The fact that it offers full 3D graphics for no large download on your broswer should arouse most into registration

Graphics seem dated when compared to other superior games and do seem pixelated at times. Addiction poses a problem and RuneScape has her fair share of mishaps and scandals. The fanbase is made up of mostly teenagers and pre-teens. The game offers simply chat. The game is big. Hilarity ensues.

Highly recommended for gamers on a budget. Well presented and almost child friendly.

The stupid spellchecker doesn't work. There will be many errors in this post. I apologize.

Evolution of the Character.
I was introduced to RuneScape via Miniclip. Ironically, I consider myself a slightly more mature player who was introduced via Miniclip. Boombaye was the first account I ever made. He is lost to the winds now. I resent the 1 after Boombaye. It's not what I wanted. I registered in late December of 2006, missing out on the Christmas event. I headed out back of Lumbridge Castle and trained. I just killed goblins by the truckload. Eventually, I met my first random event and became hooked to these events.

Boombaye1 evolved from a mere reason to test the waters of RuneScape into a full-blown main account. I am proud of her.



What you see is a very long post, dedicated to my first year, reviews and a little update.

I'm far from gone in RuneScape. I've picked up 85 Woodcutting, which may very we;; be one of my greatest level yet. Because for the first time in ever, Boombaye1's highest skill level is on par with her highest combat level. Impressive for me.

I expect 59, possibly 60 Firemaking by the end of the day. Rapidly (by free world standards) closing a 45k experience gap towards 86 Attack. The first combat level I'll gain since leaving members. Elegant proof of how long I've been gone. An additional 71 Cooking and 50 Runecrafting have been achieved with 37k left on the way to 70 Fishing. All this in 3 days.

Need I remind you: This is a free world.

With Christmas en route, I'd like to take a moment to remember something incredibly stupid. The fact that I want to give my friends gifts. The last gift I gave was a Dragon Spear to Megs60 1 day after Christmas. She's long gone now. I wish JaGex would let us give gifts. Just for 1 day.
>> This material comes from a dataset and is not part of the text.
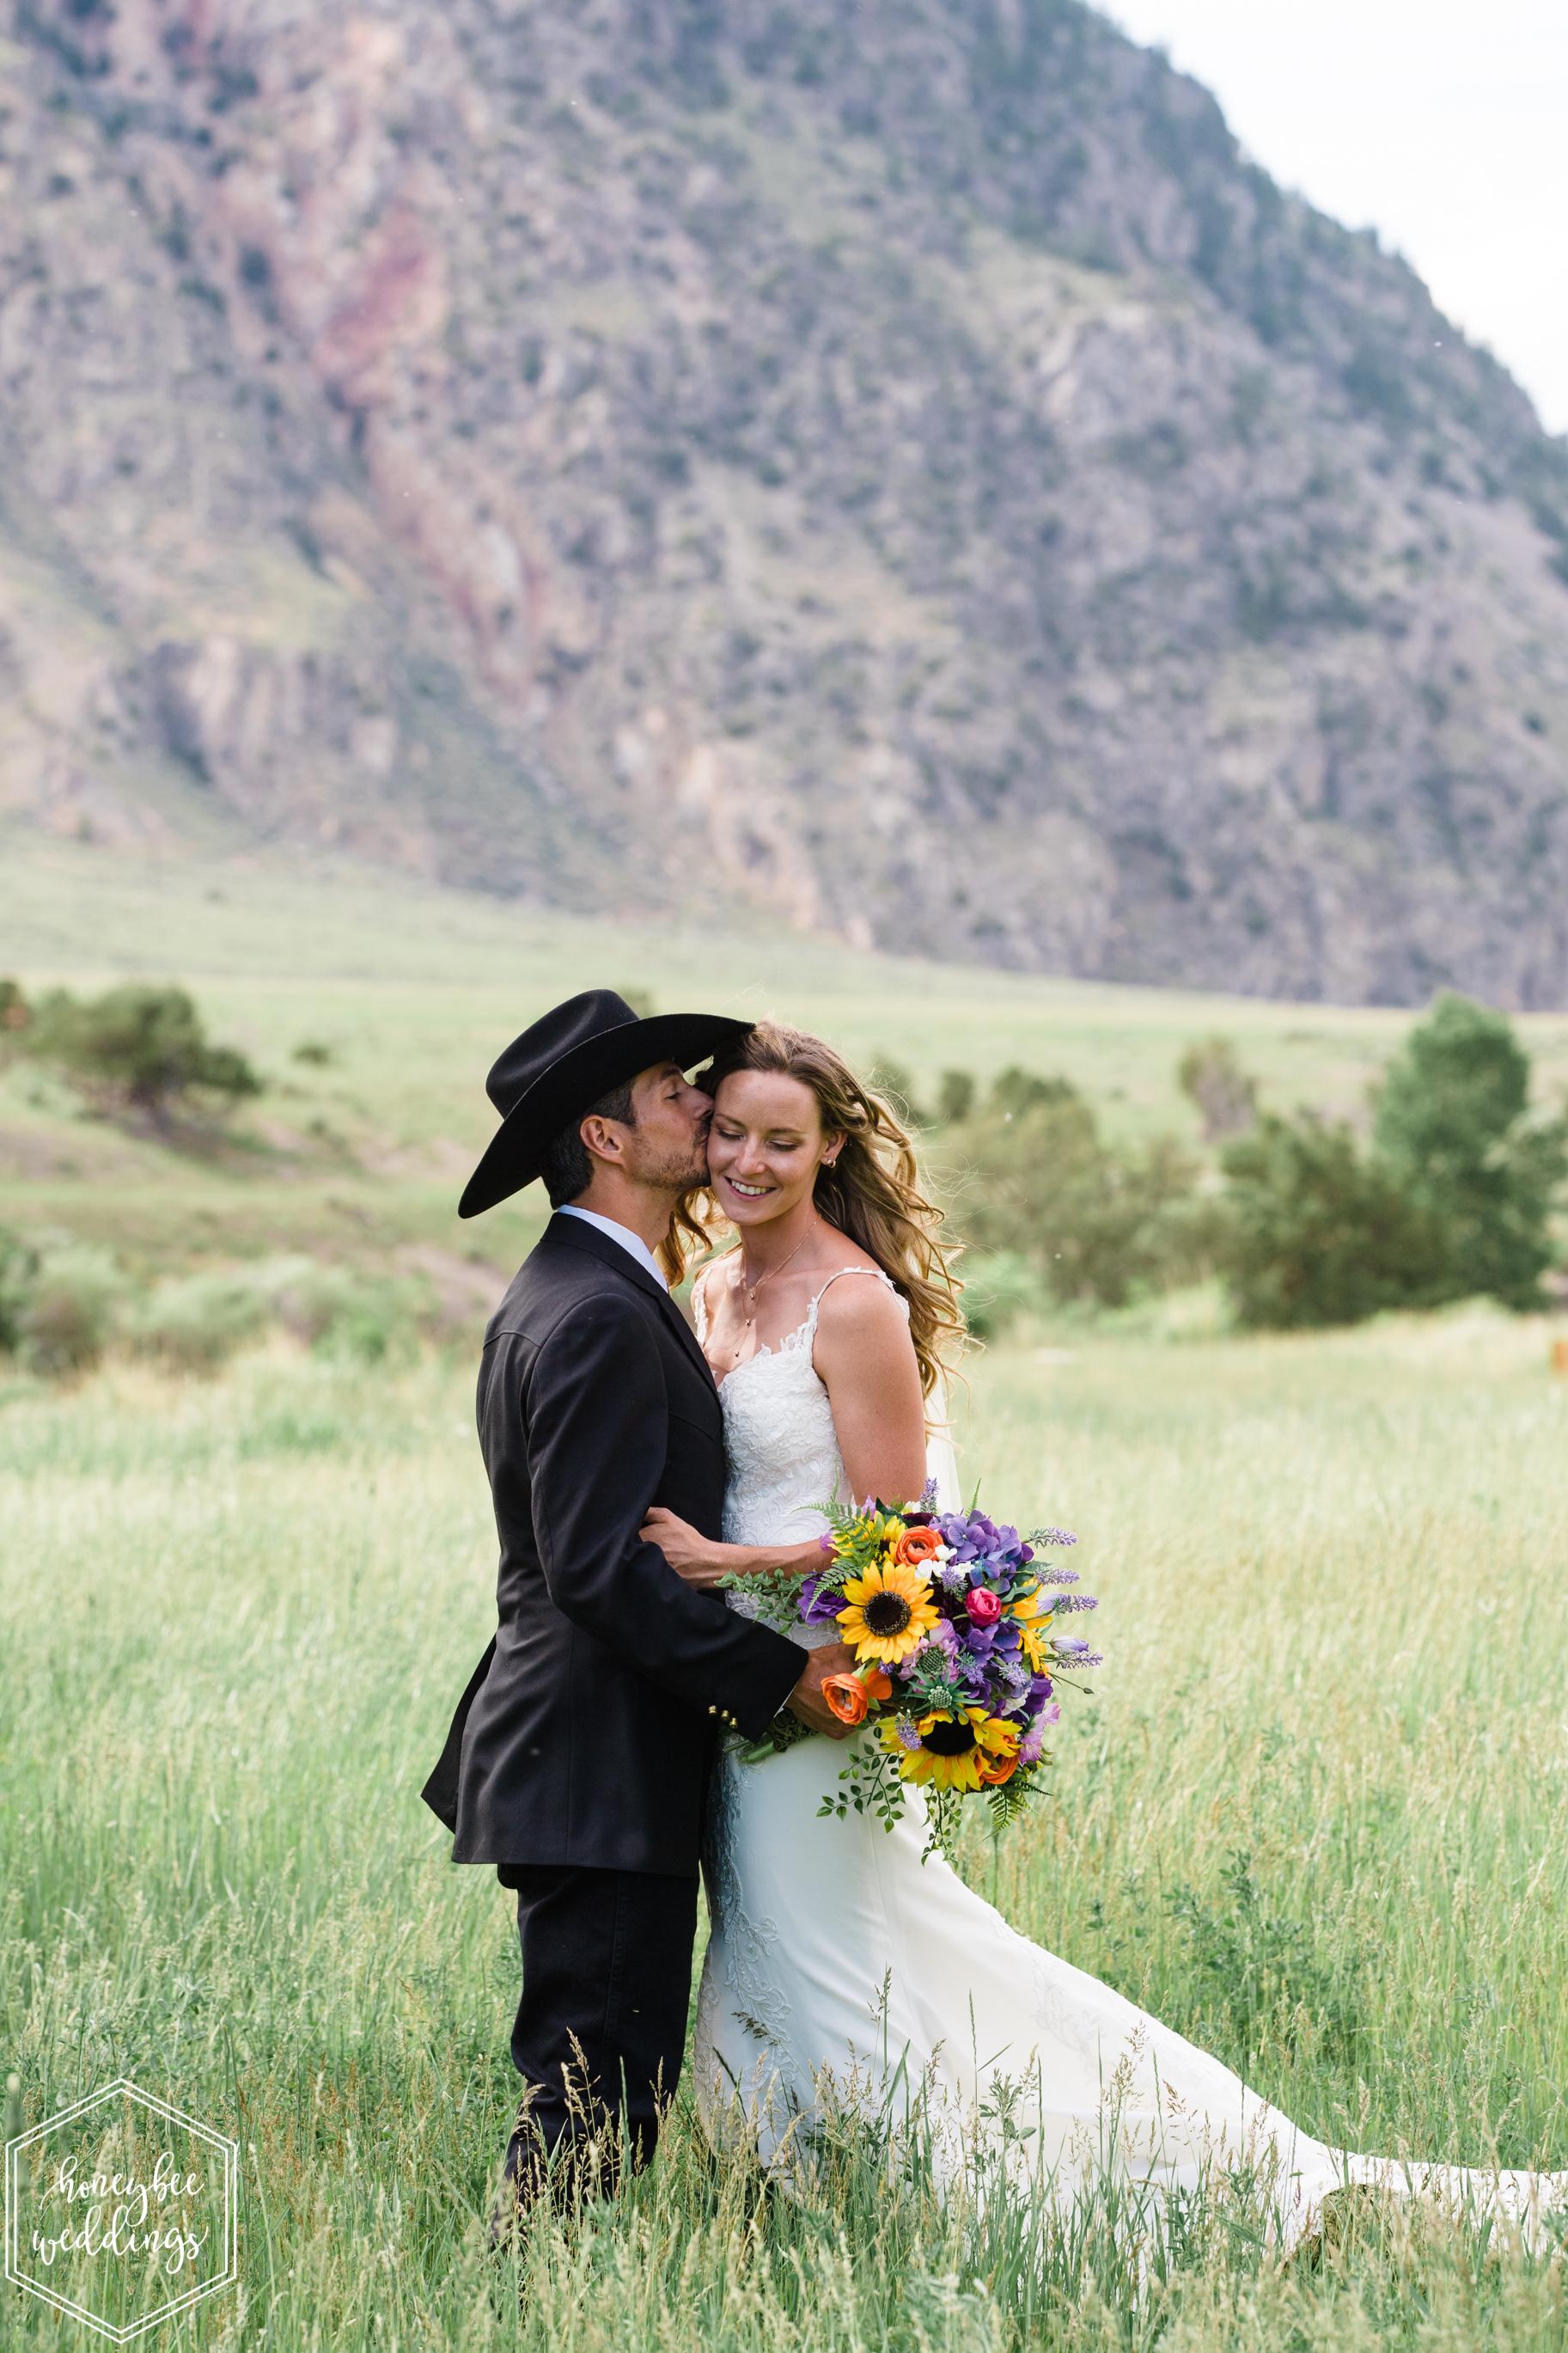 132Yellowstone National Park Wedding_Montana Wedding Photographer_Honeybee Weddings_Shannon & Jonathan_June 29, 2019-1724.jpg

The polar ice caps are melting.

By this time in a few years, Santa will die from that.


Regards, Boombaye1

Saturday, October 25, 2008

Of Bernard Pivot

The Bernard Pivot Quiz, take it at yer own risk, lads and laddies.

1. What is your favorite word? - Love

2. What is your least favorite word? - Oops

3. What turns you on creatively, spiritually or emotionally? - Colours

4. What turns you off? - Discrimination

5. What is your favorite curse word? - Arse, only if spoken in a British accent.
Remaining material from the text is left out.